START Data for analysis
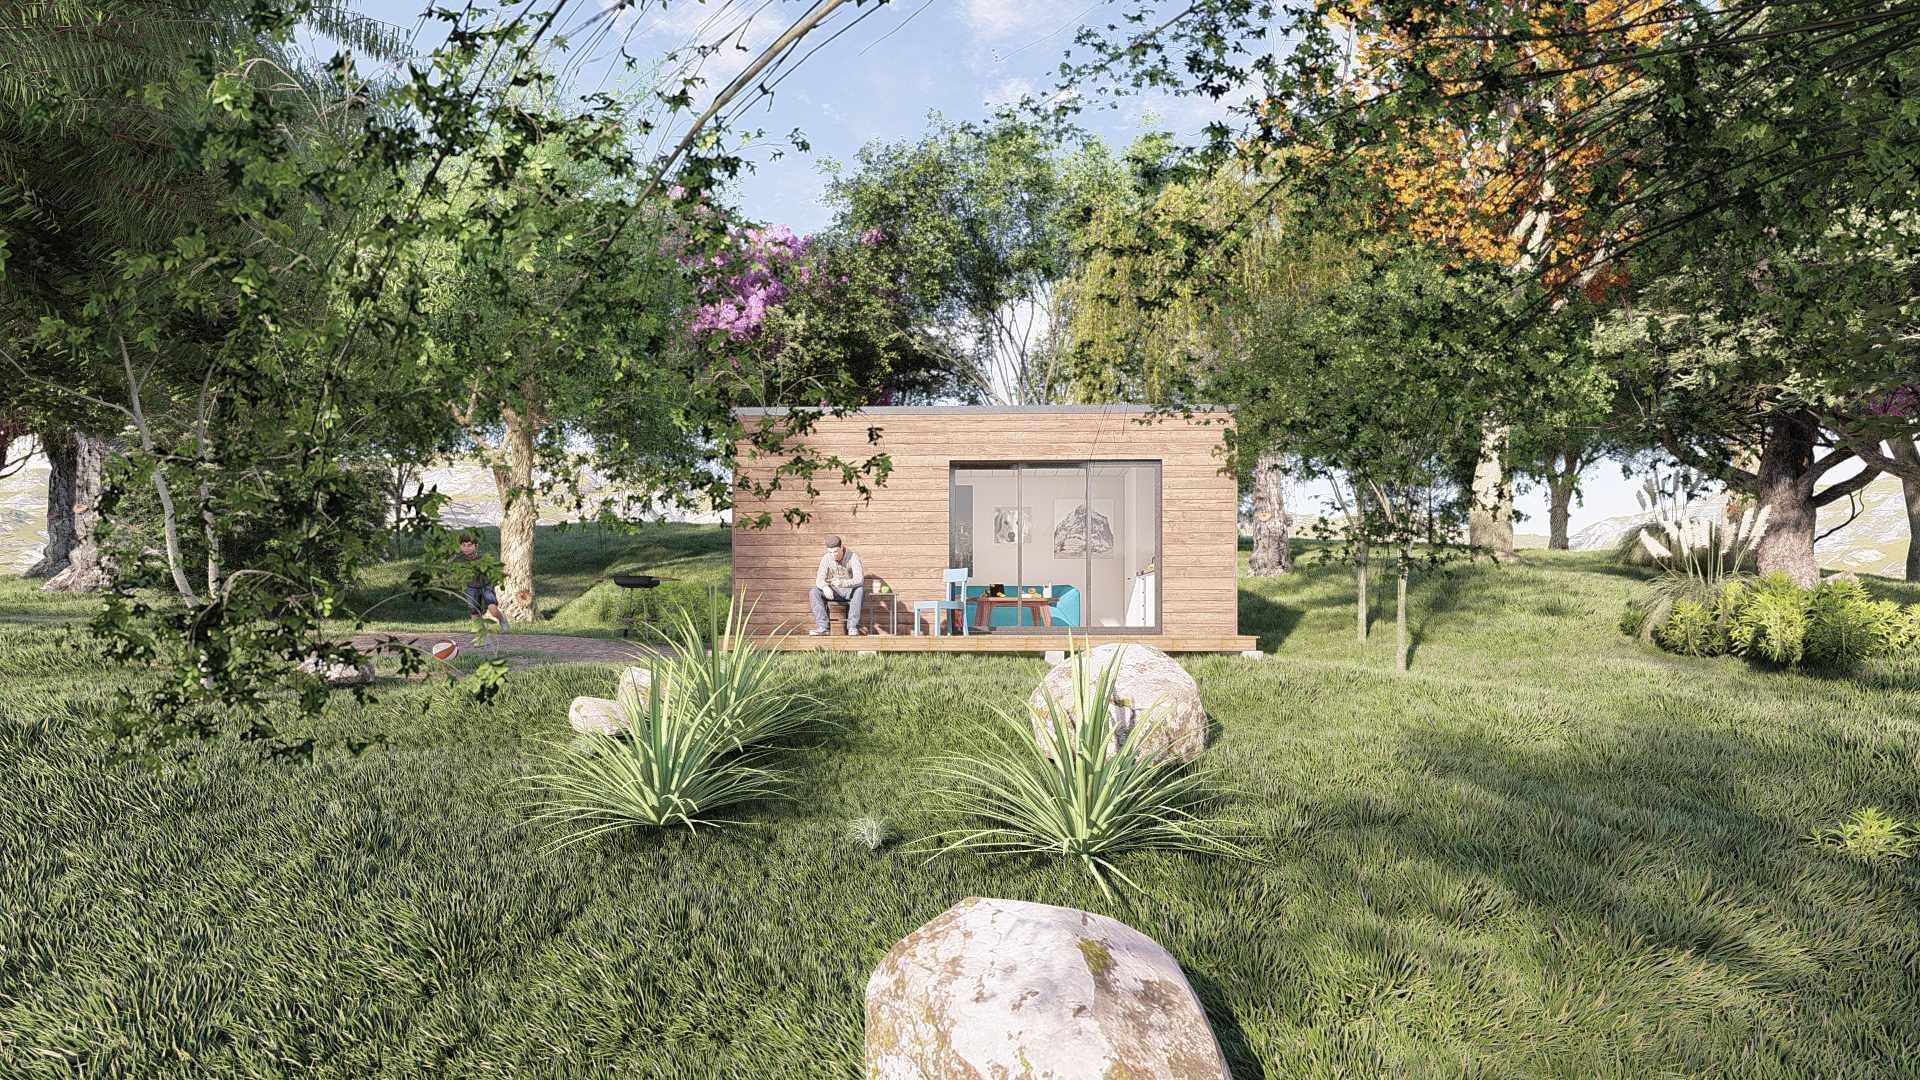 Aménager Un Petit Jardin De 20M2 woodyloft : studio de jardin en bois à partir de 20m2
END Data for analysis
START Data for analysis
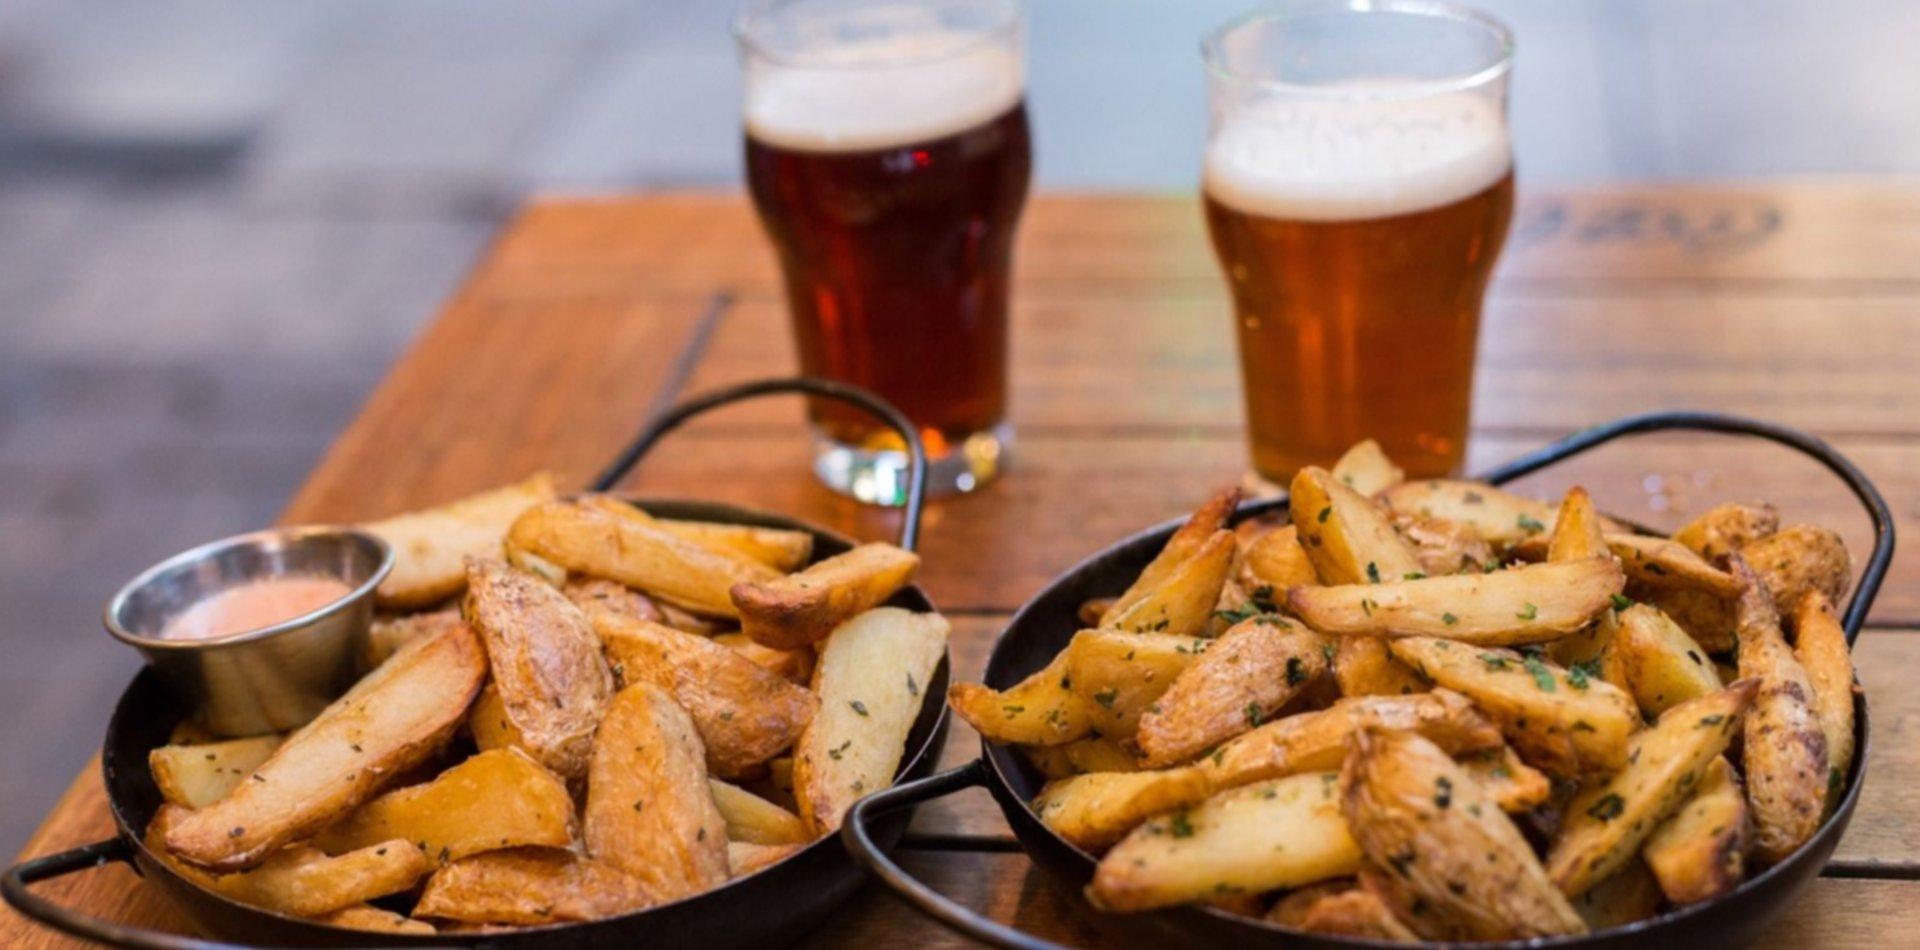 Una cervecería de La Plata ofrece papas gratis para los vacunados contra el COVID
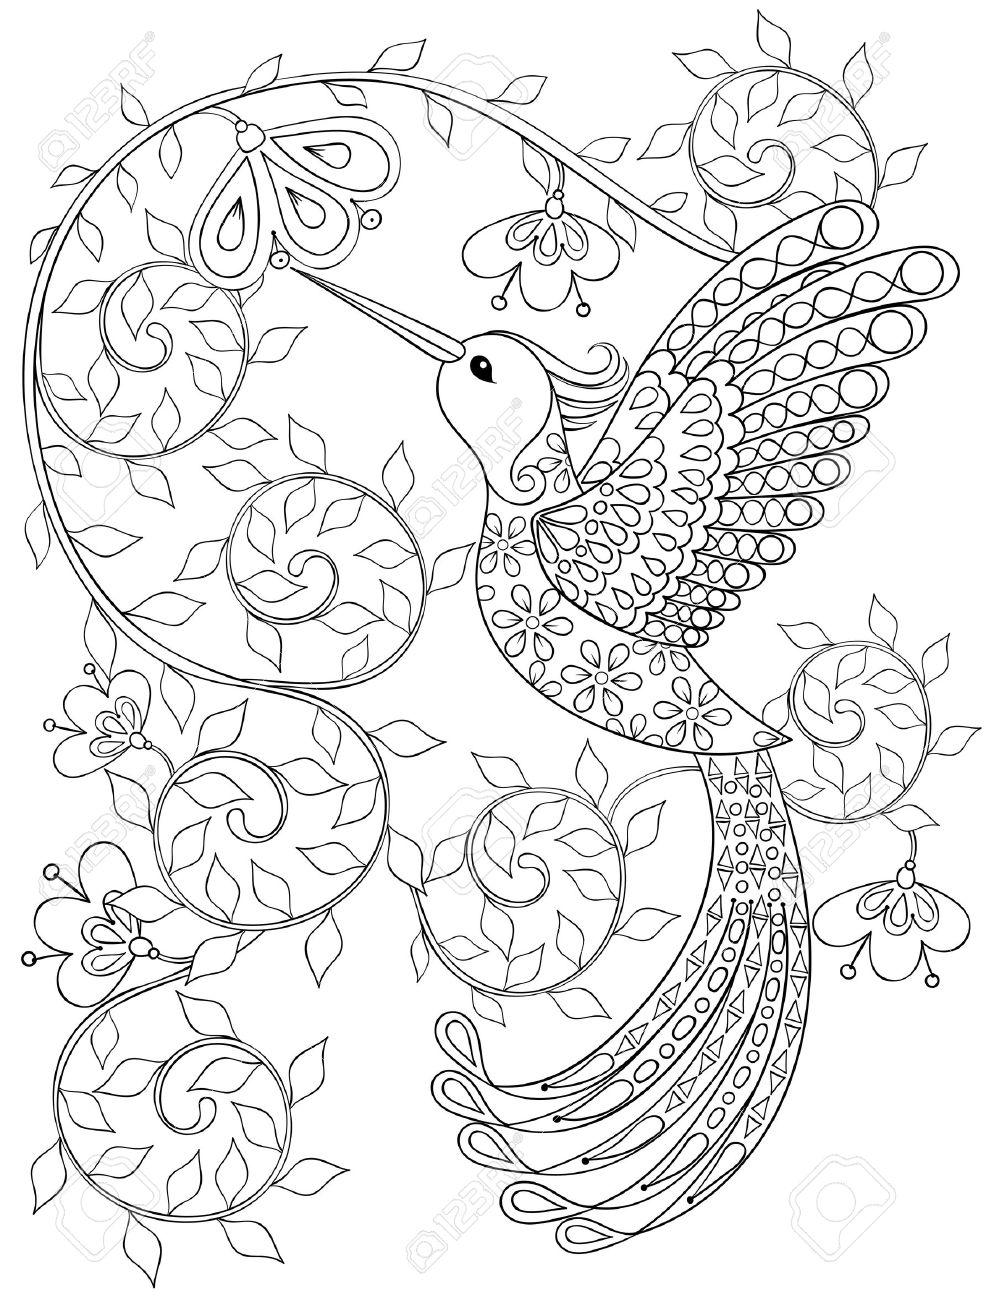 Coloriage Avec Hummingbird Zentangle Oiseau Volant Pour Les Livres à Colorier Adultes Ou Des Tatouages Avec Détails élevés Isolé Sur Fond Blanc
END Data for analysis
> **Exercise**:
What should come back is an exact copy of the lines above from the line with "Una cervecería de" to the line with "Coloriage Avec Hummingbird", both included, minus the pictures.

> **Exercise response**:
 Una cervecería de La Plata ofrece papas gratis para los vacunados contra el COVID
 Coloriage Avec Hummingbird Zentangle Oiseau Volant Pour Les Livres à Colorier Adultes Ou Des Tatouages Avec Détails élevés Isolé Sur Fond Blanc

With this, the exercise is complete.